Welcome to News AI World, your go-to source for the latest in artificial intelligence news and developments. Our mission is to deliver comprehensive and insightful coverage of the rapidly evolving AI landscape, keeping you informed about breakthroughs, trends, and the transformative impact of AI technologies across industries.

Categories

  • Artificial Intelligence
  • ChatGPT
  • Crypto Coins
  • Data Science
  • Machine Learning

Recent Posts

  • Report: 87% of Corporations Use AI Instruments in App Growth Processes
  • Accuracy Is Lifeless: Calibration, Discrimination, and Different Metrics You Really Want
  • James Wynn Returns with $19M Bitcoin, $100k PEPE Guess
  • Home
  • About Us
  • Contact Us
  • Disclaimer
  • Privacy Policy

© 2024 Newsaiworld.com.

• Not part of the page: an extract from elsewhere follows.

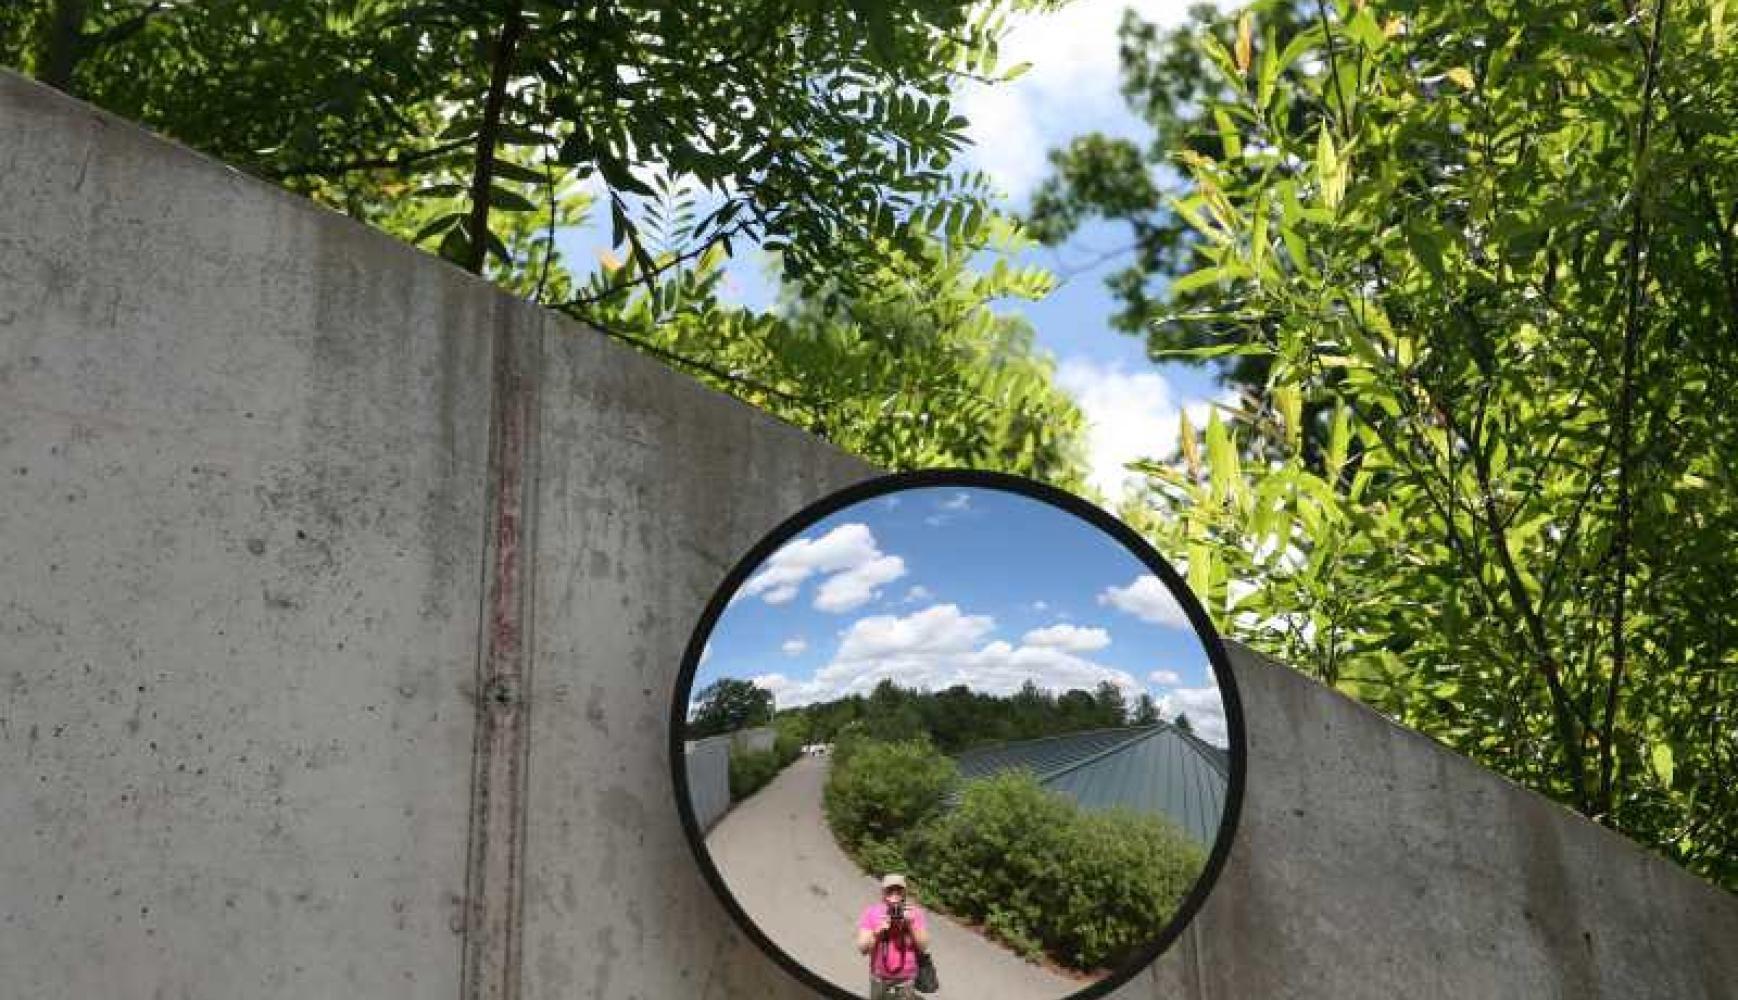 Espejos Convexos Concavos De Seguridad En Venezuela Espejo Convexo Espejos Espejo Concavo

All rights reserved.

No Result
View All Result
  • Home
  • Artificial Intelligence
  • ChatGPT
  • Data Science
  • Machine Learning
  • Crypto Coins
  • Contact Us

© 2024 Newsaiworld.com. All rights reserved.

Are you sure want to unlock this post?
Unlock left : 0
Are you sure want to cancel subscription?